Reaches 11. The refrigerant gas that has reached the compression chamber is gradually compressed by the rotation motion of the shaft 3 accompanying the rotation of the electric motor unit 2 in the compression chamber 11 partitioned by the roller piston 5 fitted to the crank 3c of the shaft 3 and the vane 6. You. The compressed refrigerant gas is once discharged into the closed casing 1 and then discharged through the discharge pipe 18 to the cooling system.

Next, the flow of the lubricating oil 13 will be described. Lubricating oil 13
It is stored in the lower part of the closed casing 1. Shaft 3
The vane 6 reciprocates due to the movement of the roller 5 accompanying the rotation of. At this time, when the volume of the pump chamber 12a changes from small to large and large to small with the movement of the vane 6, or when the volume changes from small to large, the lubricating oil 13 Flows into the pump chamber 12a. Then, when the volume changes from large to small, the lubricating oil 13 in the pump chamber 12a reaches the shaft hole 3q from the pump chamber 12a via the second passage 16. However, at this time, the first lubricating oil 13 does not flow back through the first
The passage resistances of the passage 14 and the second passage 15 are set.

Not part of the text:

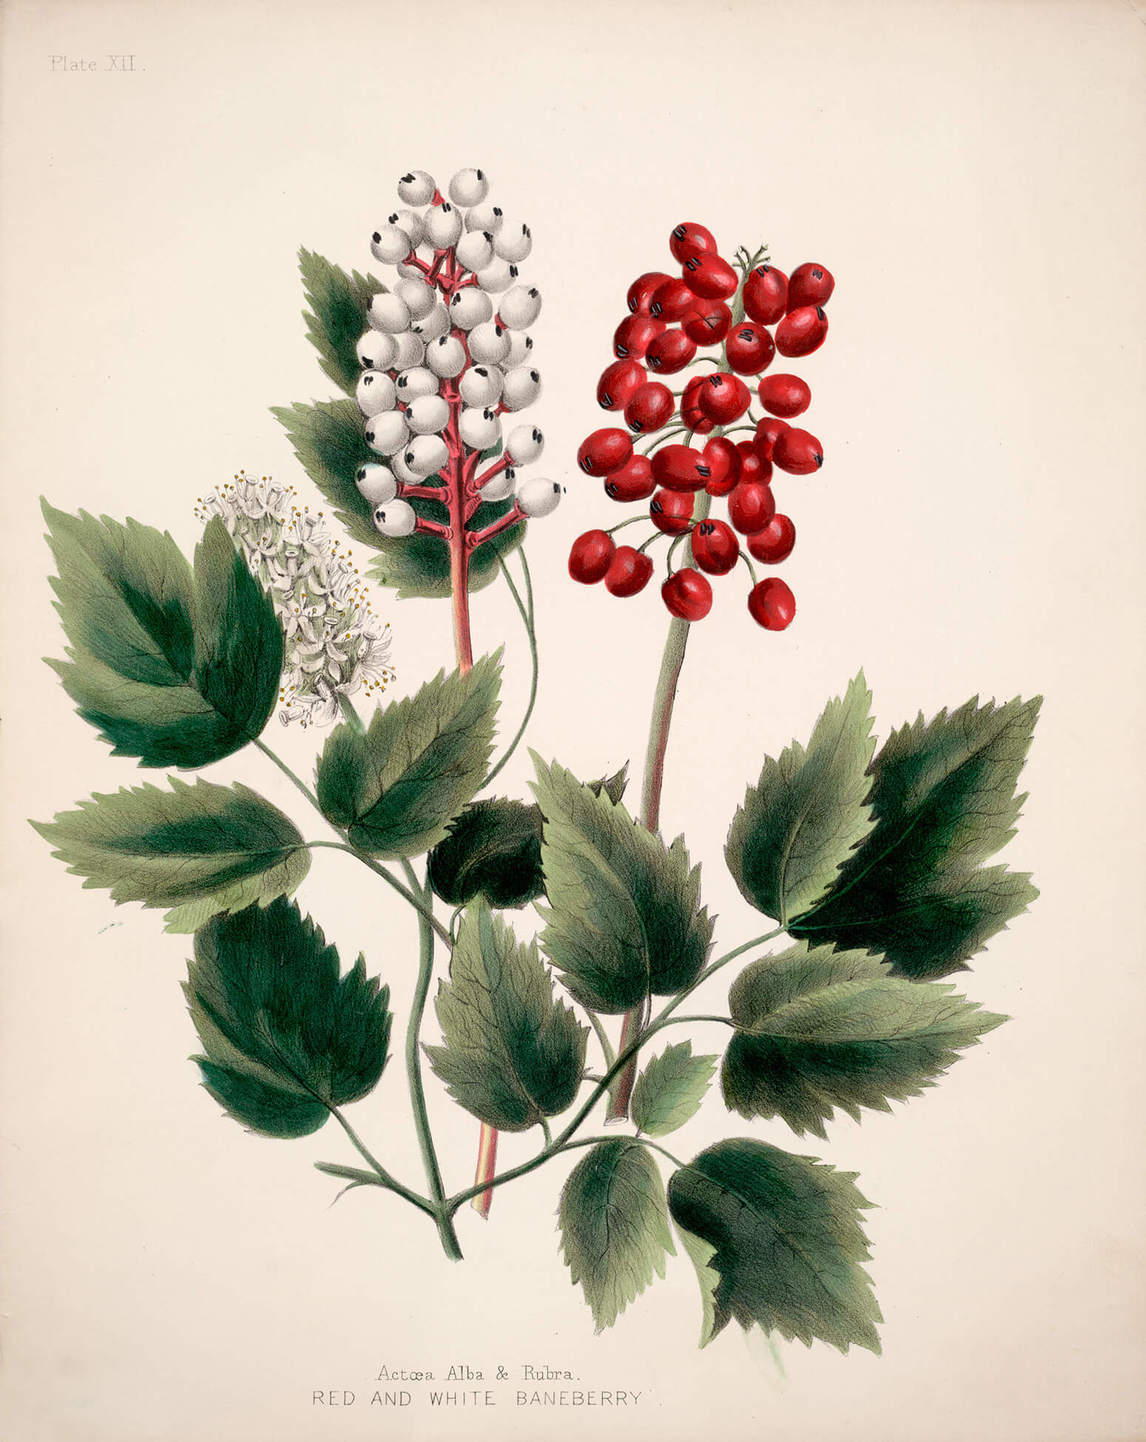 Actoea Alba & Rubra, Red and White Baneberry, 1853, by Maria Frances Ann Morris Miller

The lubricating oil that has reached the hole 3q of the shaft reaches the sliding surface from the oil supply holes 3d, 3e, and 3f by the rotation of the shaft 3, and the sliding portion of the main bearing 7 and the sub-bearing 8 with the shaft 3, the roller 5, After lubricating the sliding portion with the crank 3c, it collects in the lower part of the closed casing 1. Further, part of the high-pressure lubricating oil on the inner peripheral side of the roller 5 reaches the compression chamber 11 due to the differential pressure between the inner peripheral side of the roller 5 and the compression chamber 11 and mixes with the refrigerant to be discharged into the closed casing 1. Accumulate in

However, in the above configuration, the configuration between the shaft and the bearing, and between the crank and the roller of the shaft is a configuration of a dynamic pressure bearing, that is, a configuration of a bearing that generates dynamic pressure by a wedge effect. For example, when the shaft diameter is reduced or the bearing length is reduced, sufficient bearing load resistance cannot be maintained only by the effect of dynamic pressure, and eventually the diameter cannot be reduced. There is a problem that the sliding loss increases.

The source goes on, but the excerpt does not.